PROBLEM DESCRIPTION => Return the listing below unchanged, minus its pictures.

DATASET CONTENT =>

________

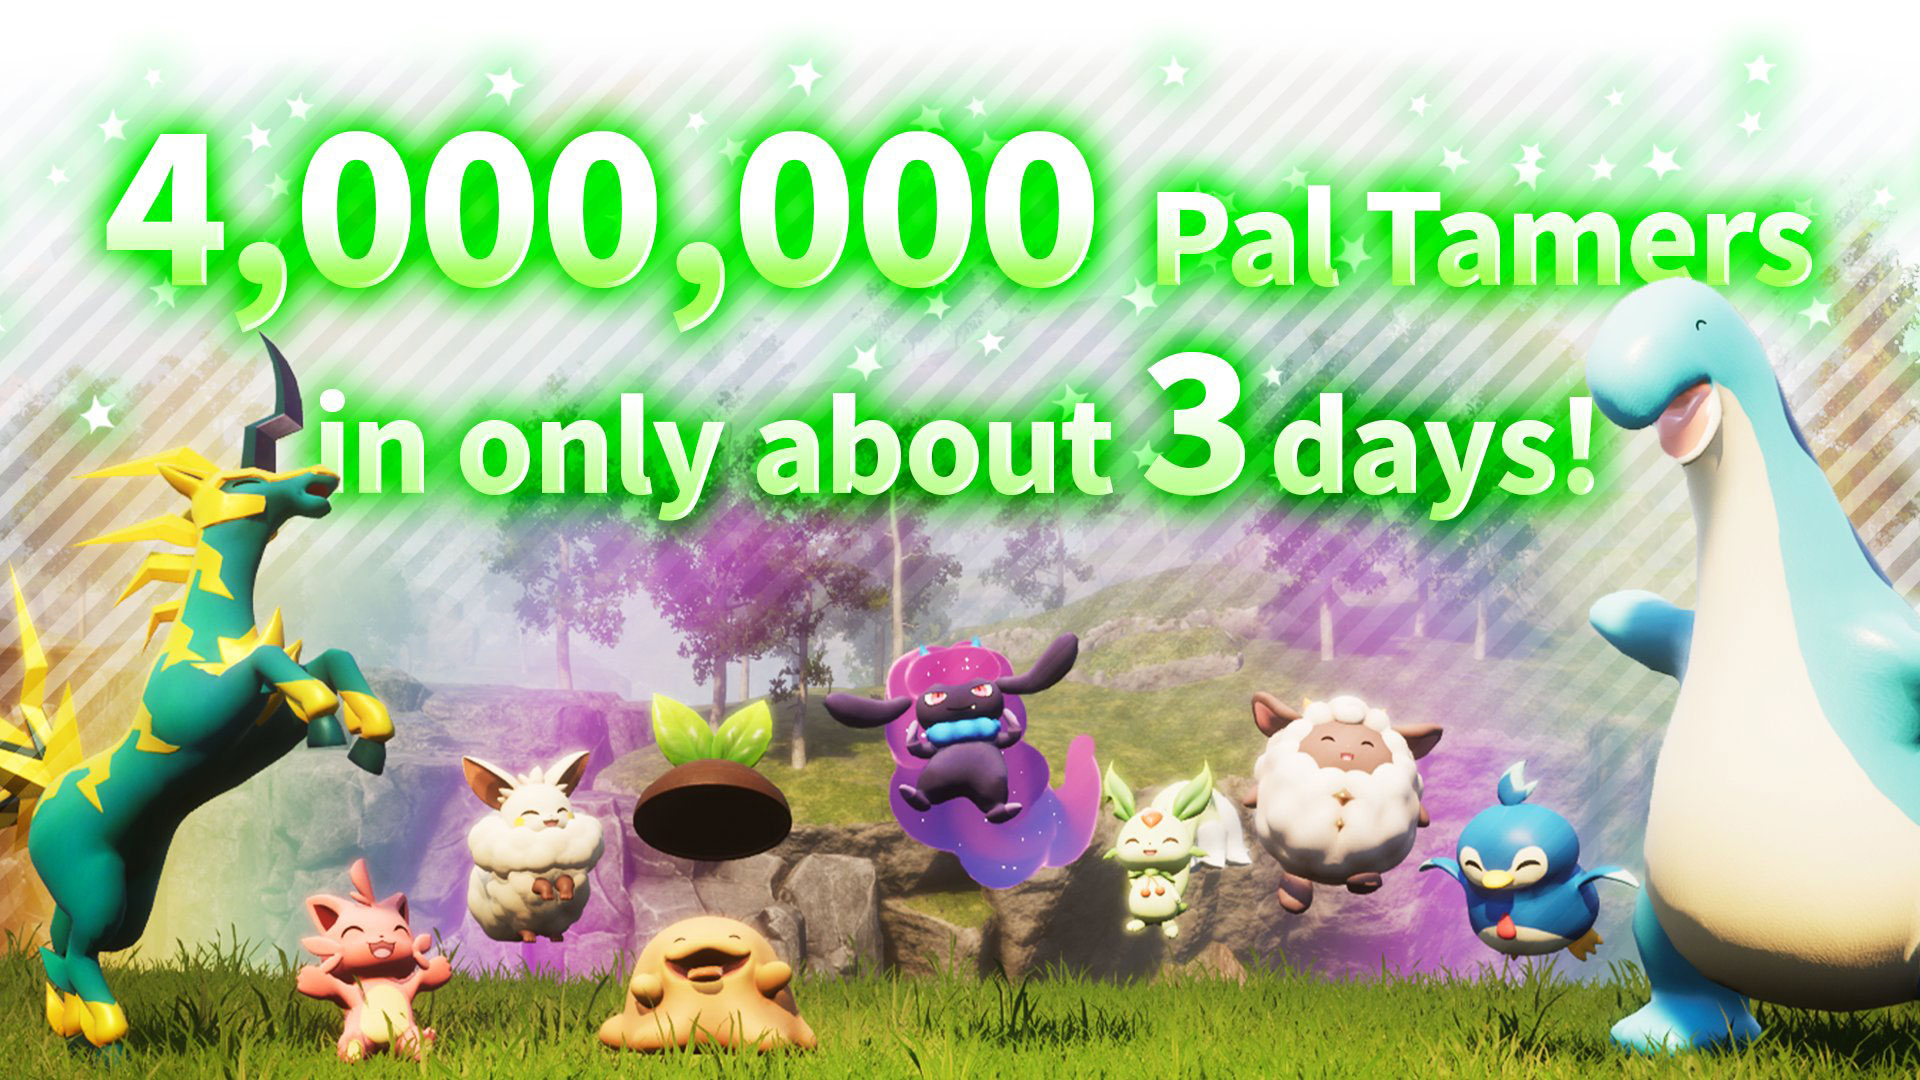 Palworld sold over four million copies in about three days
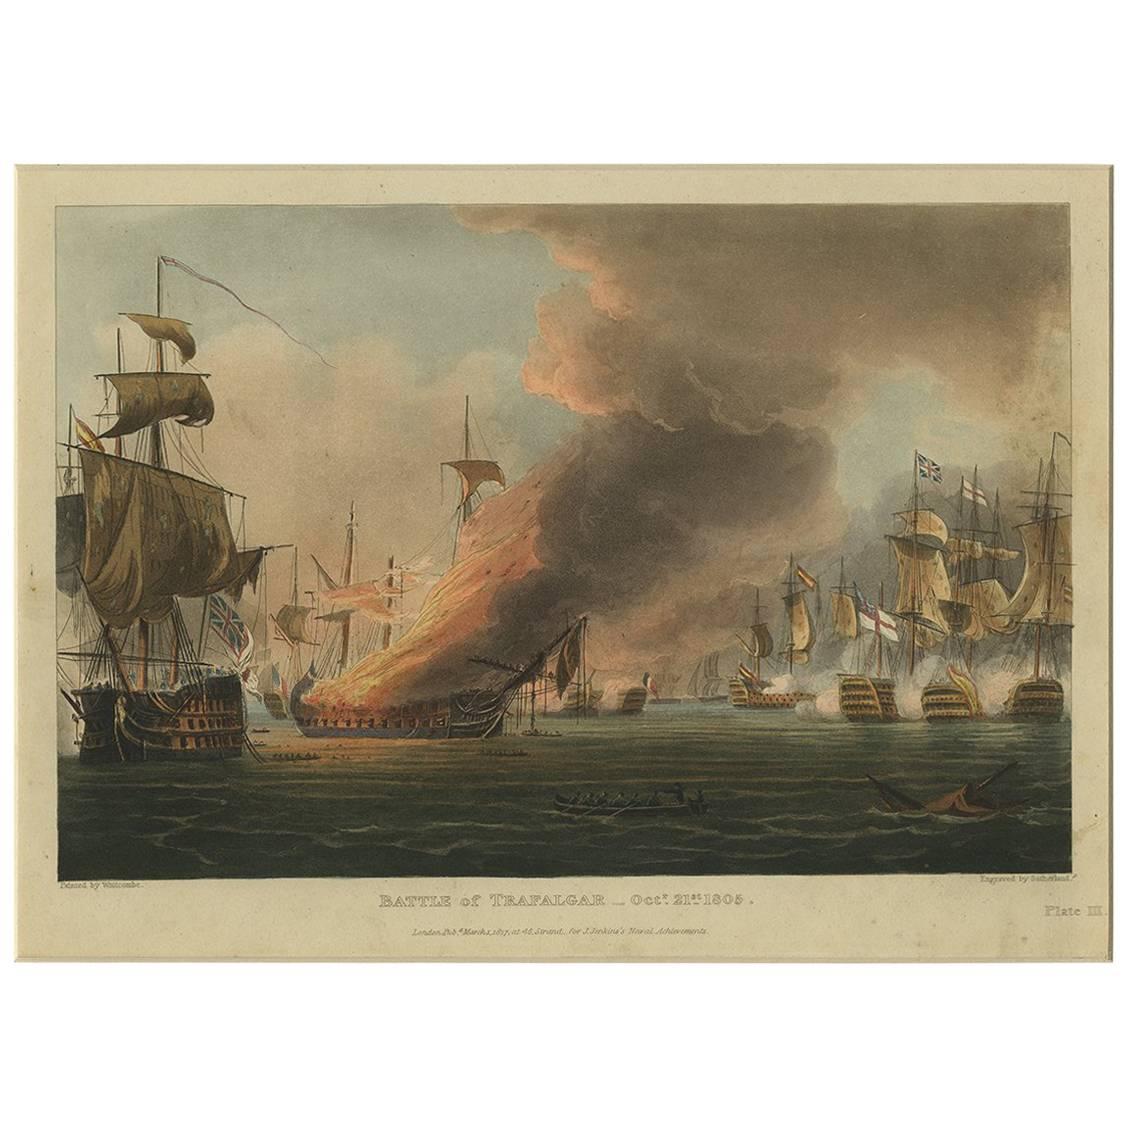 Antique Print of the Battle of Trafalgar 'Pl. III' by T. Sutherland, 1816
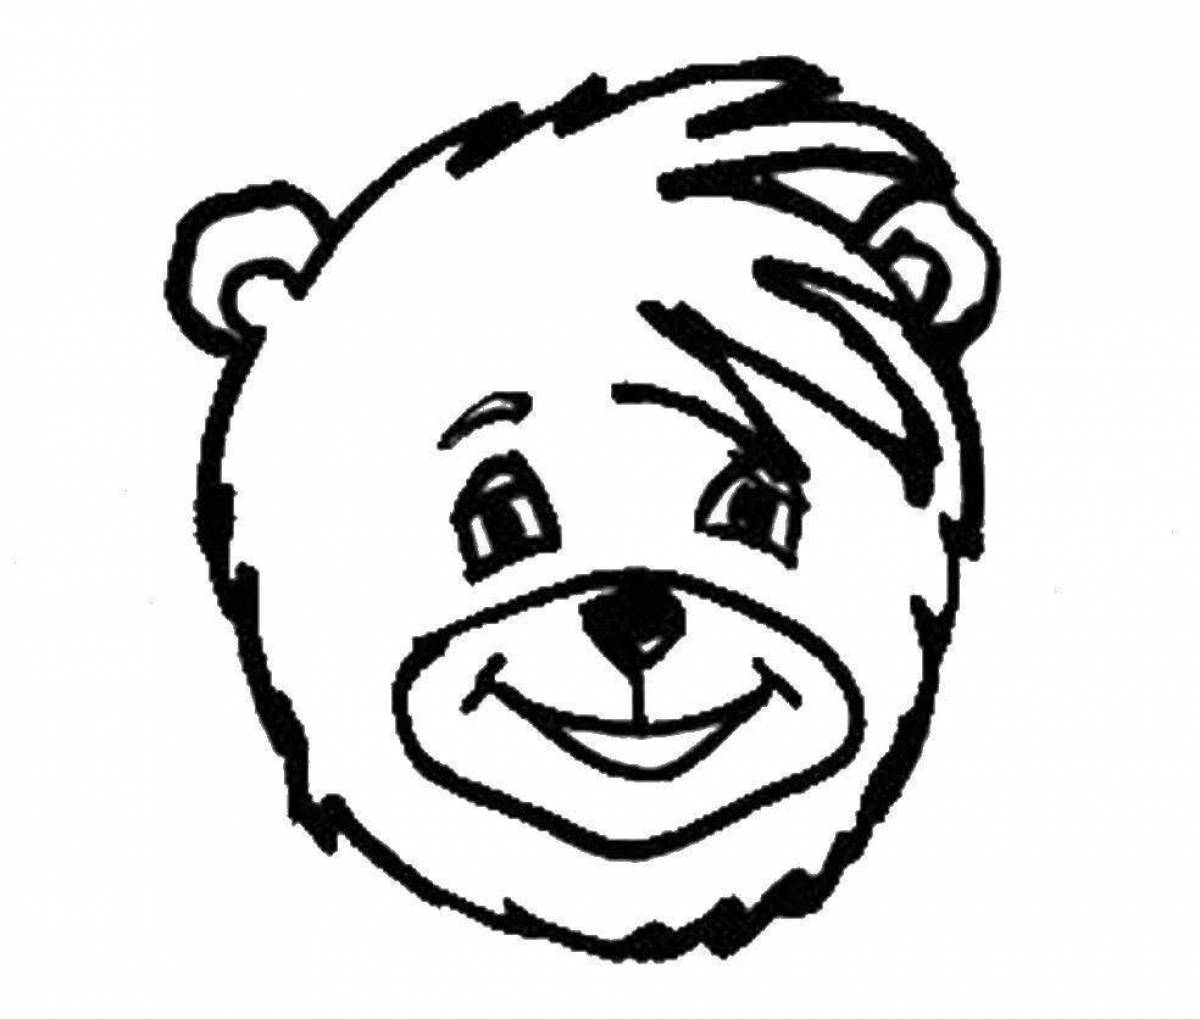 Amazing bear head coloring page

________

RESPONSE TO THE EXERCISE =>
 Palworld sold over four million copies in about three days
 Antique Print of the Battle of Trafalgar 'Pl. III' by T. Sutherland, 1816
 Amazing bear head coloring page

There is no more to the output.